Chauntyll Allen, St. Paul school board member

Across St. Paul Public Schools’ two Freedom School locations, about half the students are Black; most of the others are Asian, Latino, or multiracial. Many of the staff are Black, too. Hill emphasized the long multicultural history of the movement, starting with bringing Black and white people together in Mississippi during the civil rights movement. 

McCoy said he appreciates working collaboratively with diverse colleagues. “We welcome everyone,” he said. “It’s not just about people of color. It’s not just about race.”

Getting staffing right will be key to creating a joyous school climate that resembles Freedom School, Allen said. Both she and Foster expressed concern about union staffing rules that could complicate efforts to prioritize staff with the appropriate cultural knowledge in the new program. 

Leah VanDassor, the president of the St. Paul Federation of Educators, was unavailable for comment.

Allen said, though, that the union had worked with the district to staff the American Indian Magnet School, and many Indigenous educators ended up placed in that building. “I think there’s ways that it can be done,” she said.
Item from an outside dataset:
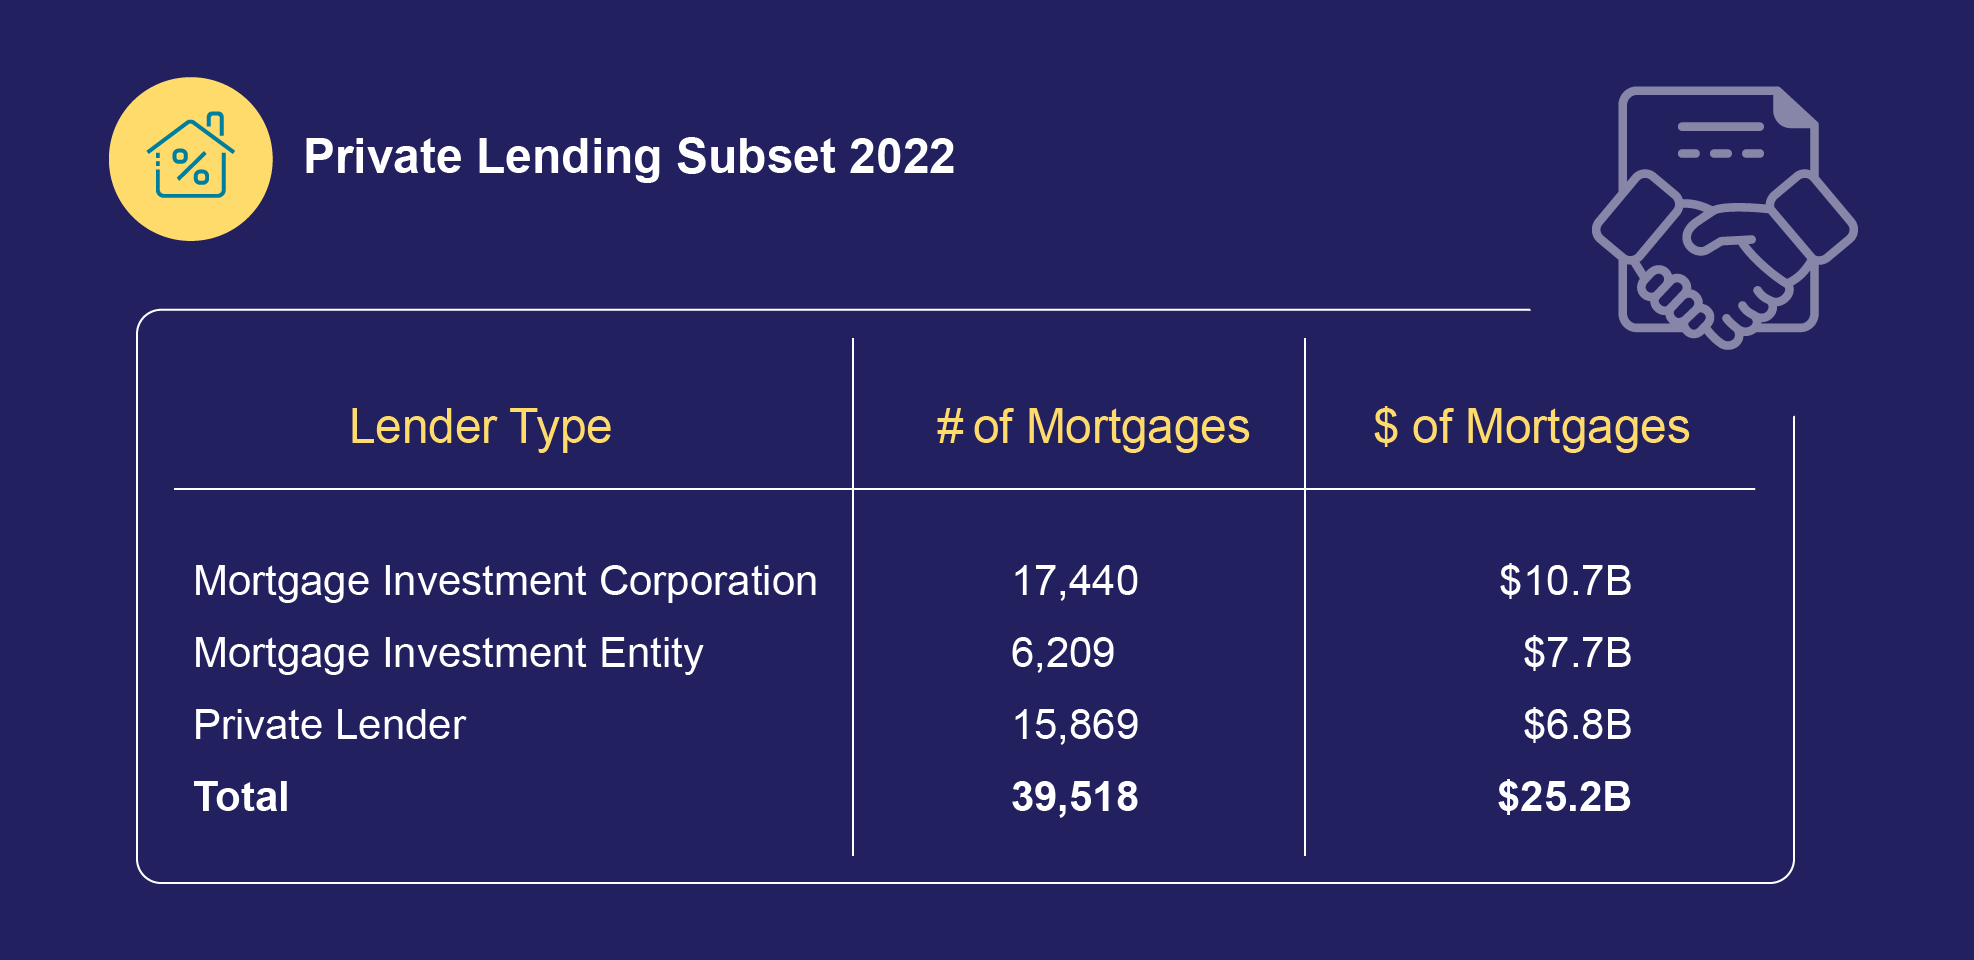 Private lending subset 2022

Relevant curriculum fuels reading skills

Speaking wasn’t the only skill Hill’s son improved during his first Freedom School summer. 

“My son started getting more interested in reading, because of these wonderful books that had characters that look like him and experiences like him,” she said.

Freedom School’s summer program focuses on literacy, featuring books with multicultural characters and the theme “I can make a difference.” And the program brings in diverse professionals from different career fields to read to students, too — showing them role models not just in books, but in real life.

Andrea Jackson (left) and NaRyah Davis (right), servant leader interns for Freedom School, ask their K-2 students if they know what a president is, in their literacy lesson focused on the importance of voting. Credit: Dymanh Chhoun | Sahan Journal

Hill got involved in Freedom School’s parent empowerment workshops, and quickly took leadership in the program. For years, expanding Freedom School has been a dream, as the community has watched the district build out school-year programs for other cultural groups. Meanwhile, African American student proficiency in St. Paul Public Schools has remained quite low.

But Hill believes that Freedom School can help. A district report from 2023 showed that students who went through Freedom School improved their reading proficiency by an average of nine months in just six weeks. And she pointed to other data indicating lower suspension rates and higher parent engagement for Freedom School students.

“If we could do that in six weeks,” she wondered, “what could happen” with a year-round school?

Generations of teachers

McCoy, the intern who has spent more than 20 years in Freedom School, recalls that Frazier, who now leads the program at LEAP, was his summer teacher when he was a kid.

“One of the main things that makes Freedom School so special is during the school year, kids of color don’t usually get to see people of color in leadership roles,” he said. “These spaces sometimes make them feel really comfortable.”

And now McCoy is training to become a teacher himself. He’s studying at Concordia University to teach middle school English. Several other Freedom School staff this summer are also program alumni. Some are completing their teacher training and some — including Hill’s son — are now licensed teachers.

McCoy recalled that his Freedom School friends who stuck with the program through middle school continued to be college-oriented, while those who left lost their college aspirations.

“You could see a drastic difference in their life trajectory,” he said. “I’ve seen firsthand how Freedom School affects people’s lives and can change people’s lives. I want to be a part of that.”